A margin call is when a trader's account free margin falls below the required margin level which is set by the online broker. This means that because the free margin in the trader's account has gone below the required margin level then the trader gets a margin call and some of the open trades in gold trader's are closed by the online broker until this margin level goes back upto above the required margin level.

Some of the open trades might be closed or all of the open trades might be closed out if this margin call is automatically executed by the online broker.

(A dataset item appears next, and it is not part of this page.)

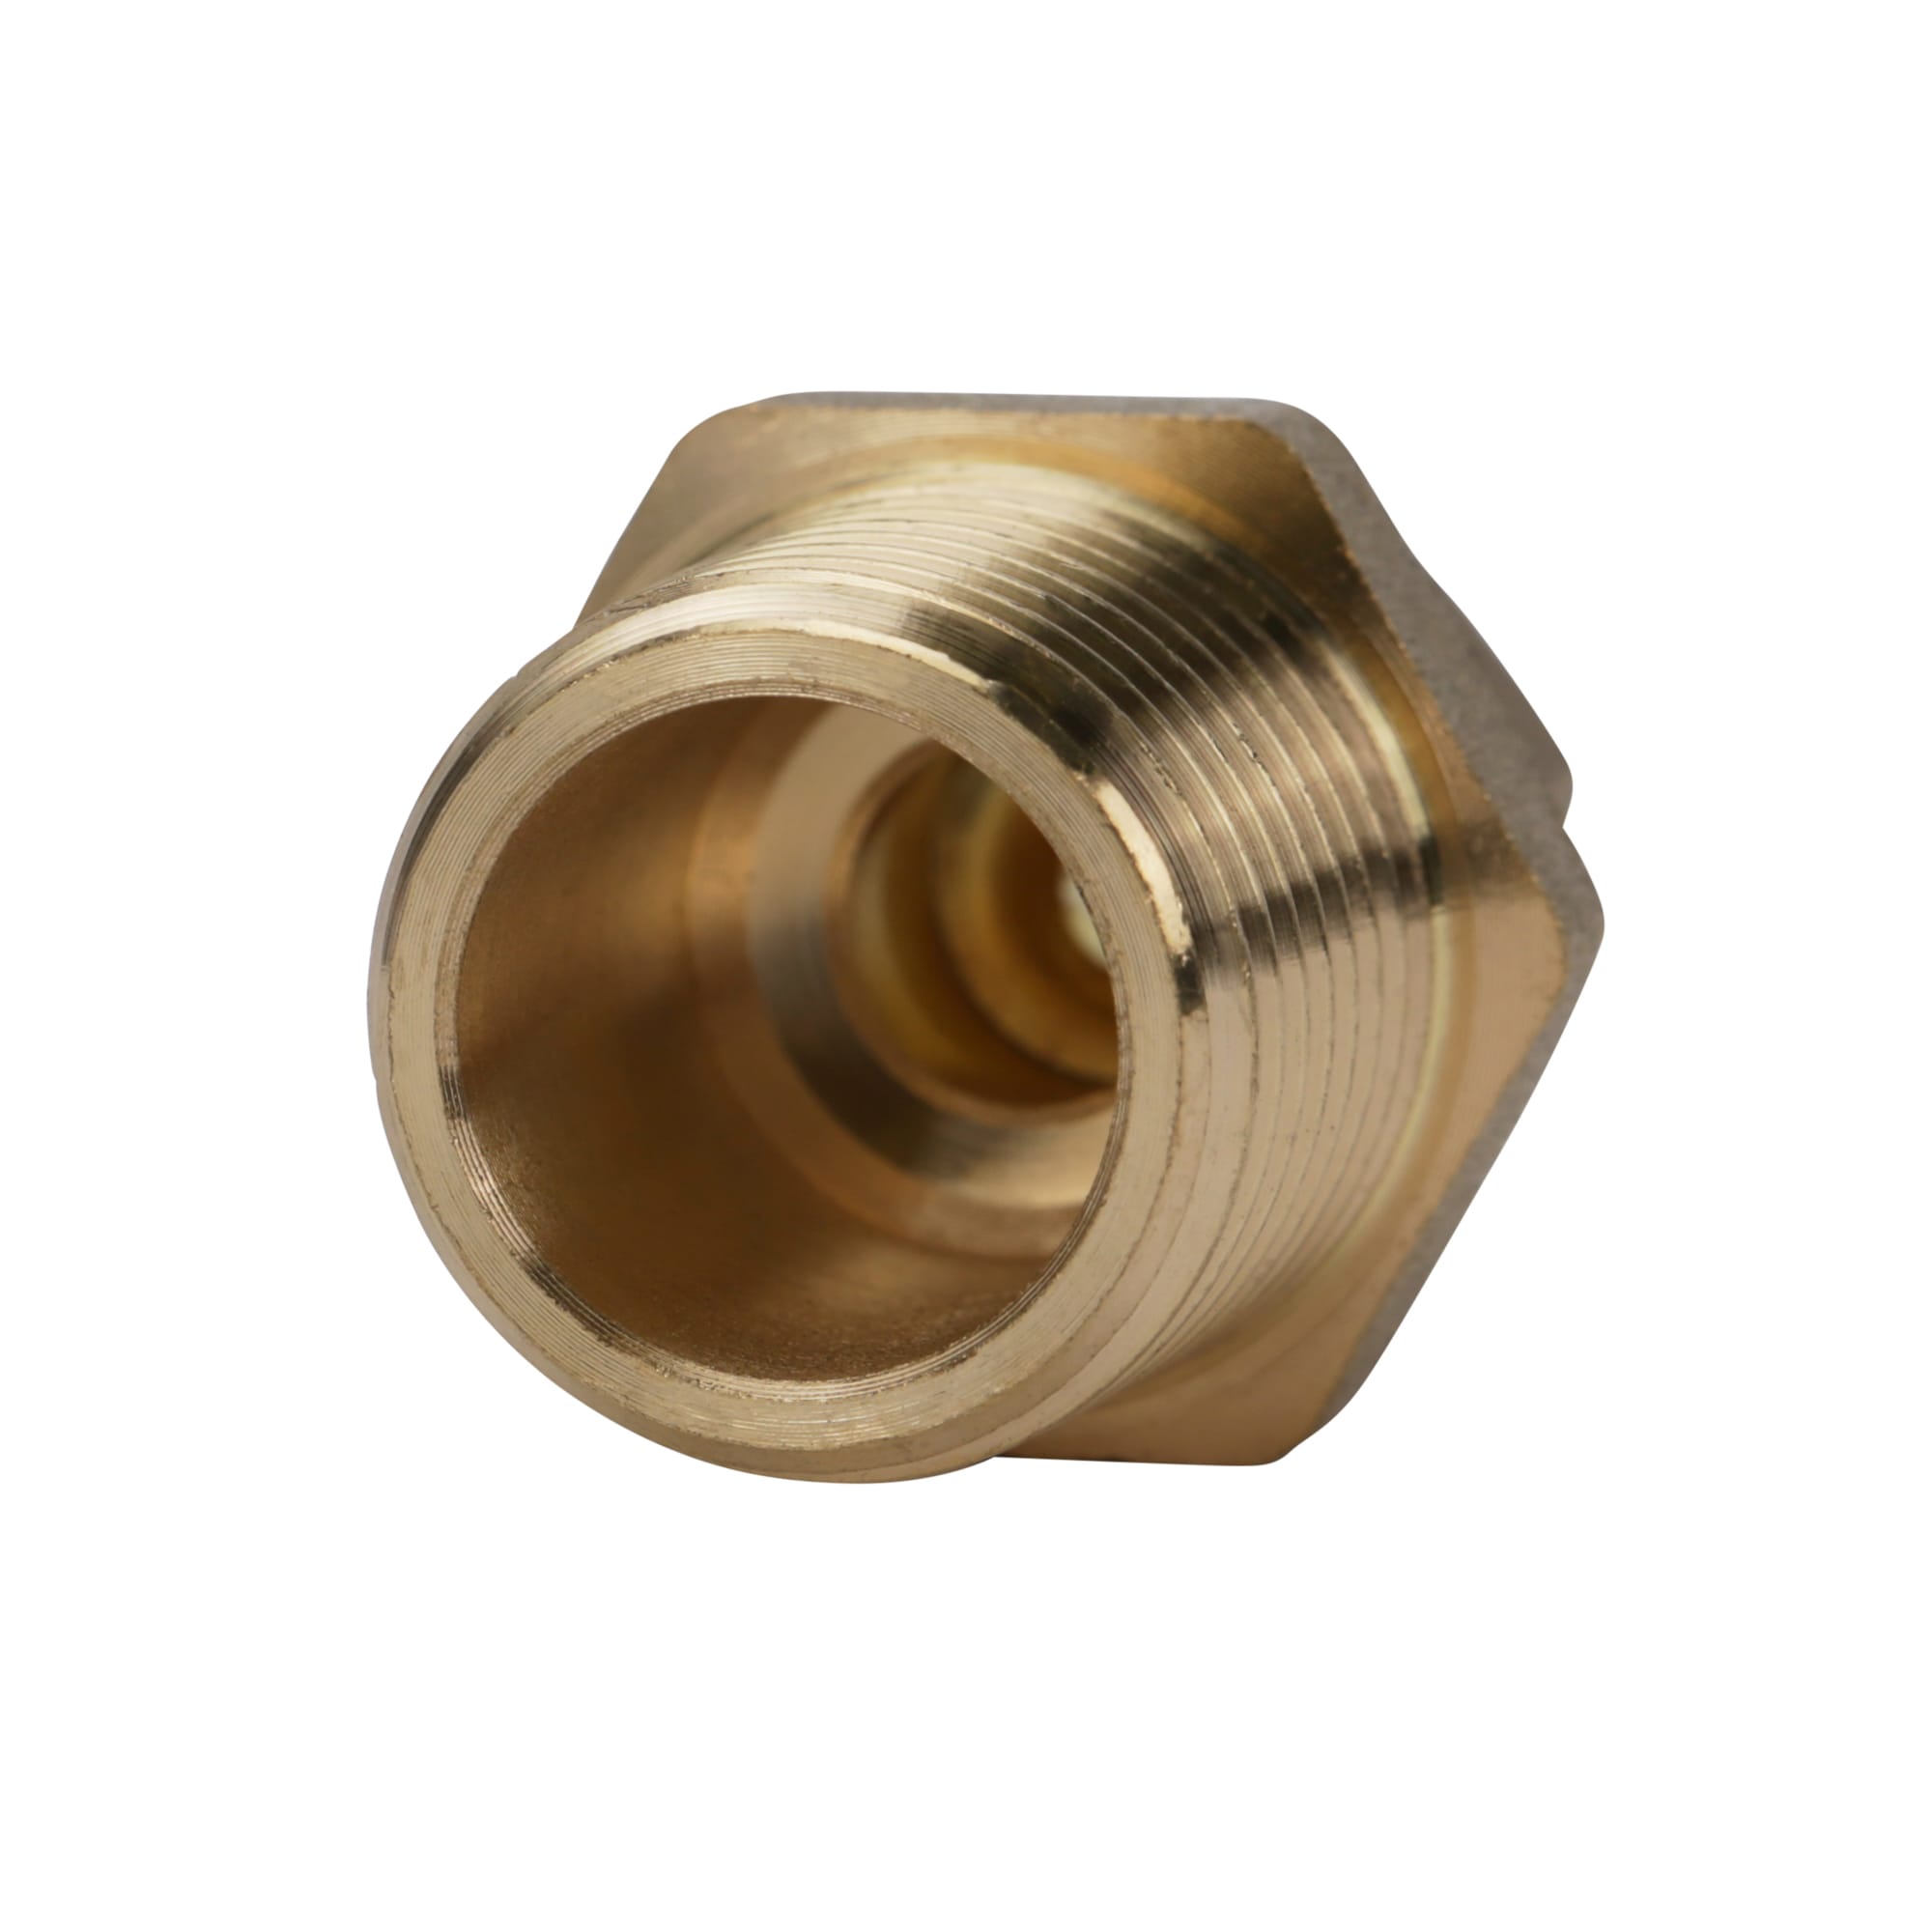 Plumbing N Parts 0.25 W x 0.375-in Brass Compression Union, Pack of 10  PNP-35508

What is Margin Requirement Level?

Now if Your Leverage is 100:1

When trading if you as a trader have $1,000 & use leverage ratio of 100:1 & buy a trade position - your margin on this trade transaction is the $1000 in your account, this is the money that you will lose out if your open position goes against you & the other $99,000 which's borrowed, the broker will closeout the open position positions mechanically using a Margin Call once your $1,000 has been taken out by the market.

But this is if your online broker has set 0% Margin Requirement before closing out your trades mechanically/automatically using the Margin Call.

What's 20% Margin Requirement Level?

For 20% margin requirement before closing out your trades mechanically using what is known as a Margin Call, then your trade positions will be closed once your account balance gets to $200 - at $200 you'll get a margin call.

What's 50% Margin Requirement Level?

For 50 % requisite of this level before liquidating your positions mechanically using a trade position margin call, then your transactions will be closed once your account balance gets to $500 - at $500 you'll get a margin call.

What is 100% Margin Requirement Level?

If the online broker sets 100% margin requirement of this level before liquidating your open position positions mechanically/automatically using a Margin Call - at $1,000 you'll get a margin call, then your trade positions will be closed once your trading account balance reaches $1,000: Meaning the trade transactions will closeout as soon as you execute a 1 standard lot on this account because even if you as a trader you pay $10 dollars spread your account balance will get to below $1,000 dollars and the needed margin requirement percent% is 100% i.e. $1,000, henceforth your open trade positions will immediately get liquidated using a Margin Call once your trading margin requirement falls below 100 percentage.

Most brokers do not set 100% margin requirement, but there are those brokers that set 100% margin are not suitable for you at all, even those who set 50 % margin requirement are still not suitable. Choose those set 20 percent% margin requirements, in fact, those brokers that set their margin requirement at 20 % Margin Requirement are among some of the best because the likely hood that they close-out your trade position using a Margin Call is reduced and minimized as displayed and shown in the above example illustration.